A mural of The Catch was painted in the Athletic Center as a memorial to my memory. But I returned.
I had to spend a year in a hospital, recuperating, but I did, and I did that I also started taking correspondence courses to get my teaching degree from the best teaching college in the state, Northern Arizona University. It took me only three years to graduate; I returned to my alma mater, married, with a year old boy named Mickey Jr. I was introduced in the high school football stadium at a special Spirit Day-Pep Rally, the first day of school. The crowd roared its approval—The Mick! their Mick!!, was back, back to lead the high school to victory again. It had been a three year hiatus since there had been any success. One particularly pathetic game they had lost 100-6.
But now the crowd was cheering and stomping in a standing ovation for the new, but now Perennial, for many, many years—Coach. Just Coach would be enough. Coach Mick. Even better.

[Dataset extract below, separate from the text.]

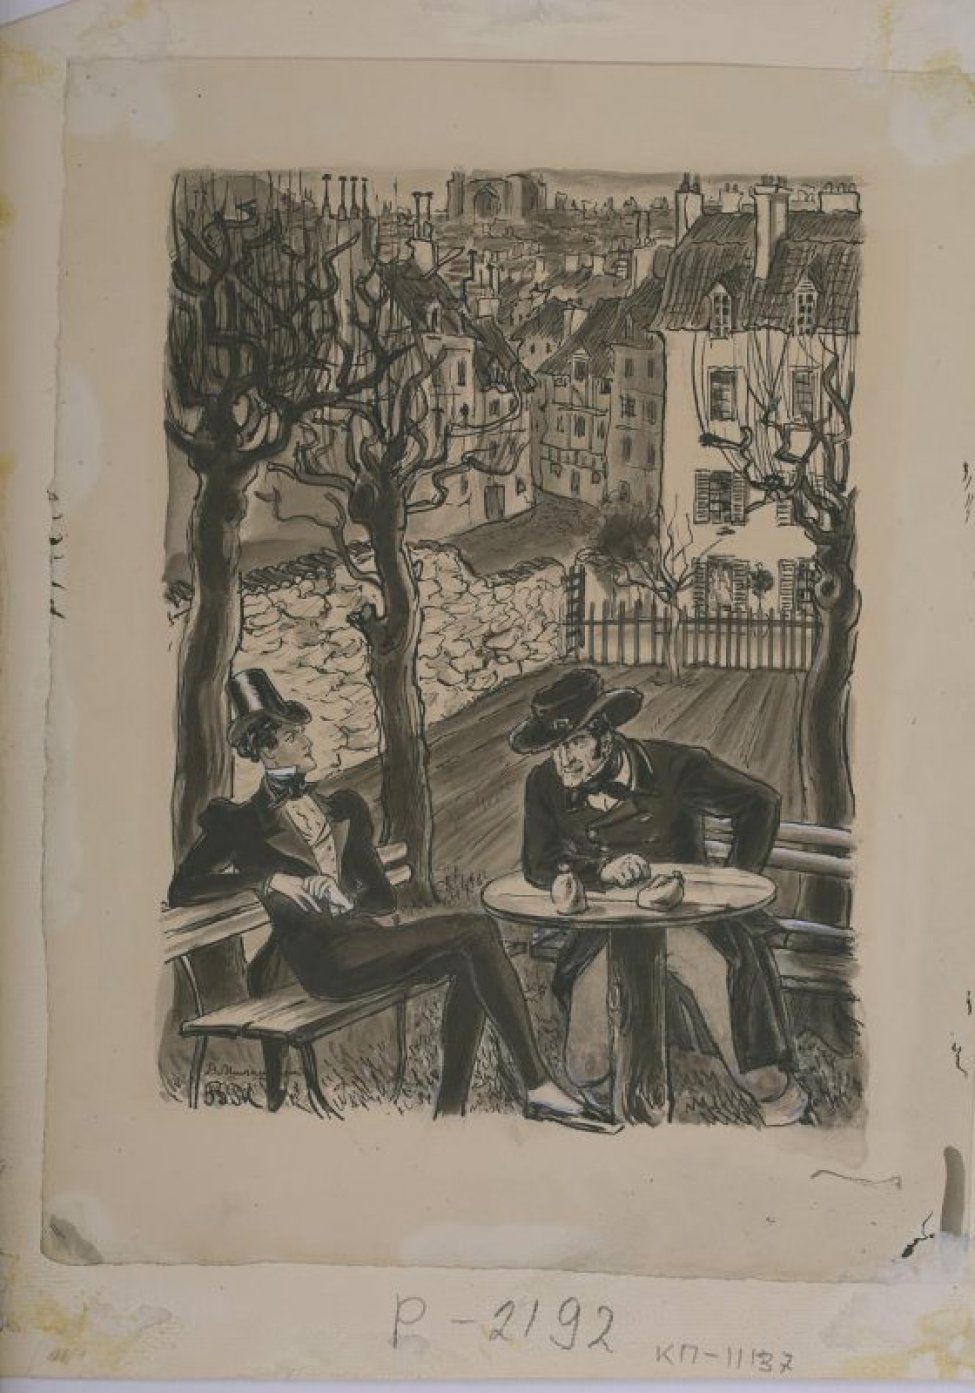 на фоне городского пейзажа изображены двое мужчин, сидящие возле круглого столика под деревьями с обнаженной кроной.  Слева - молодой мужчина в цилиндре и во фраке, справа - мужчина средних лет в широкополой шляпе и в сюртуке.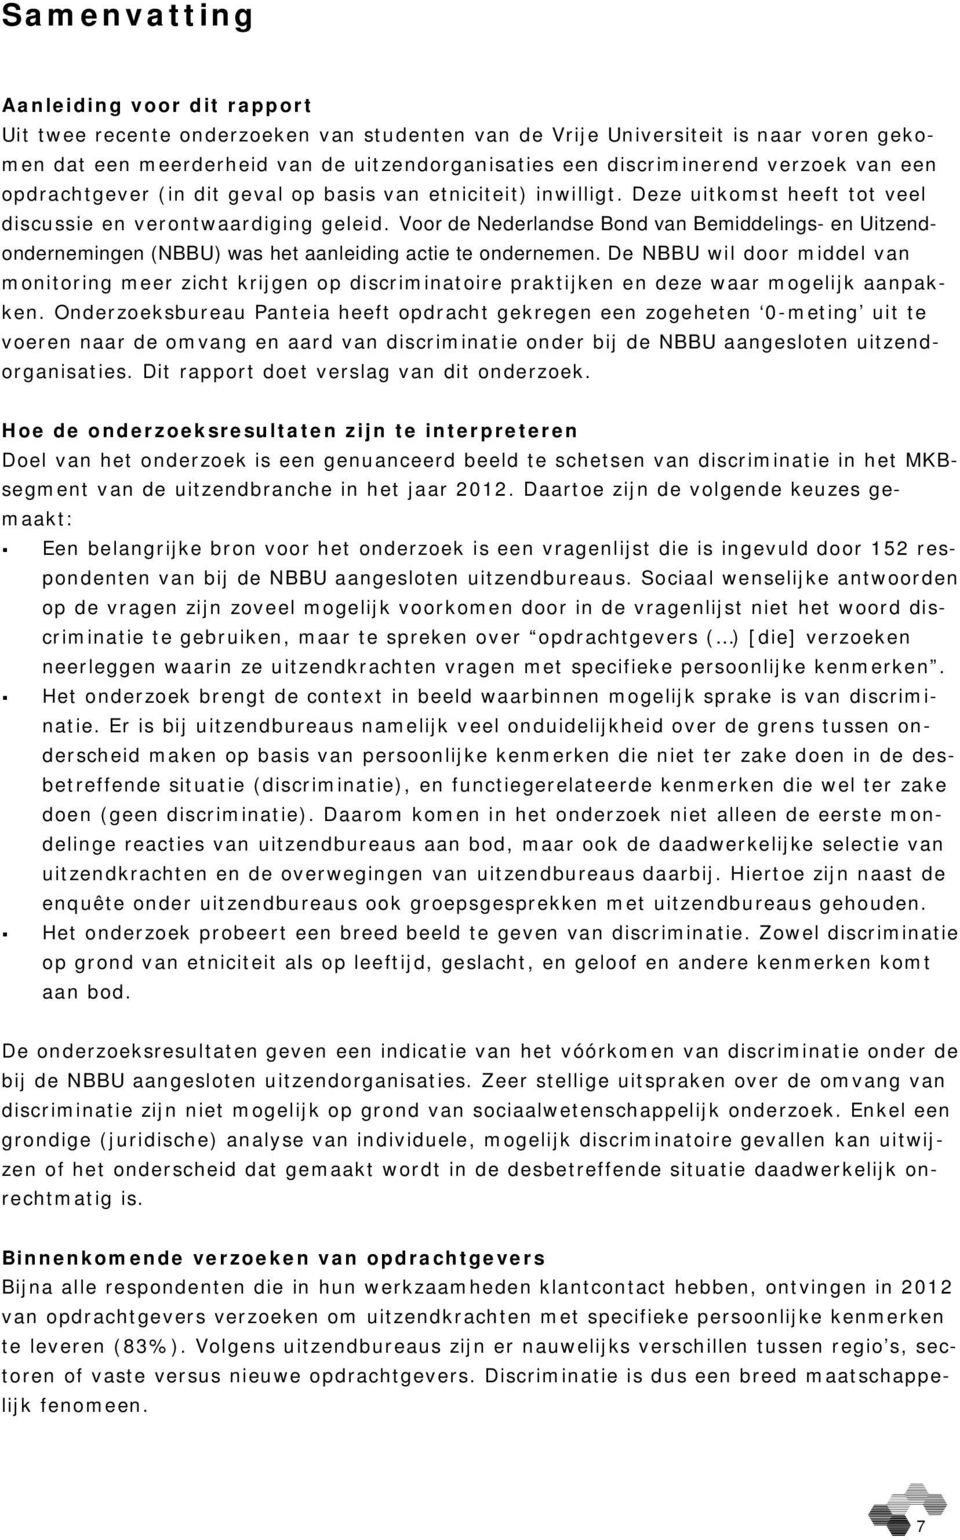 Voor de Nederlandse Bond van Bemiddelings- en Uitzendondernemingen (NBBU) was het aanleiding actie te ondernemen.

Minnie poked me in the side, hard. “Stand up, and stop bawling.”
Tears were running down my face, tears of rage and humiliation because what should have been my moment of glory was being bestowed upon Charles Anderson, a real returning hero.
I would never become a high school sports hero.
Minnie, pretty Minnie, lived down the street from me.
.
Mickey had just learned to drive; he drove a Willy’s surplus Army military jeep. Even though he was nothing more than a fantastic yarn spinning day-dreamer at heart—at least he had one—a heart I mean. He was deathly shy and afraid of girls; they were foreign and terribly exciting to him, especially if they were pretty. So how did we become friends then? I was brusque and pushy. He would OK for a pal, and he had a jeep. He was sort of cute in a boring sort of way, with a face and personality like Scotch oatmeal. Maybe bland but hearty, with still waters that ran deep? Or deep neurosis and possibly even psychosis? I was really into psychology then, it seemed so much more exciting than my life. I loved Jung and the way he swam down deep into his psyche. Well, if Mickey did have a hidden psychosis I would try to avoid it, do no poking or prying in sensitive places.
Minnie just came over one early spring morning when I was shooting baskets in my driveway.
“Mind if I shoot with you?” I turned around and looked at her: she was swarthy and stocky and short with semi-sweet chocolate eyes, long black hair with absurd bangs. It was the fashion. But she was what I can only think of as cute in a pugnacious but openly friendly sort of way. I really think that cute just means that you love somebody as a fellow creature even if that someone might just a squat red-faced little pooping baby or a wrinkled, withered old hobbling Sunday school teacher or a harridan of a junior school Civics teacher who nevertheless taught us about becamerals and smiled at me twice.
I remembered several years earlier, in the sixth grade, when a girl had asked me if I would play catch with her and teach her some baseball. I had stupidly said “no, I’m busy” when that hadn’t been the case. I had also at that time not yet developed my morbid fear, a shyness if you will, just short of terror, of attractive females.
“Hello, my name is Mickey, what’s yours?” I put out my hand to shake her, an exquisitely formed but tiny hand. She wasn’t pretty, just normal—she had a big zit on her chin and a small thin scar above her right eyebrow-and she wasn’t a female, just a girl.
Minnie: So we played basketball: first HORSE, and then because we were fairly equal in shooting, one-on-one. I was short but dribbled better than he did, and shot way better, which probably surprised—but it was just a fact, nothing to think about once it was established. The problem for him was: how to beat a shorter but superior player. His attempted answer was to back me up and far as he could and shoot fade-away jumpers or hook shots. We played some close games. The results didn’t matter as soon as the games were over.
We became friendly through doing this and that together: watching TV, getting ice cream at Baskin Robbins, talking about school, especially all the teachers and students we disliked. He had liked my brusqueness. I had liked his attentiveness; he listened to me.
This story isn’t about us though: it is about an absurd beagle named BB, short for Booker Bacchus Beagle Boy. That was his official name, he being a pure-bred AKC.
Yuma has a reputation for a being an ugly brown hell hole. That was how I thought of it at first, my father having pakced up the family and moved us from Tacoma. He had chronic bronchitis, an ailment of the trachea which is exacerbated by moist air.
It was 107 degrees on May 5, 1971, the day the ancient brown 57 Chevy Station Wagon rolled into Yuma at the old 5-Corner Marketplace. It was dry. I just watched television shows and read omnivorously the first two years we lived there. I hated it.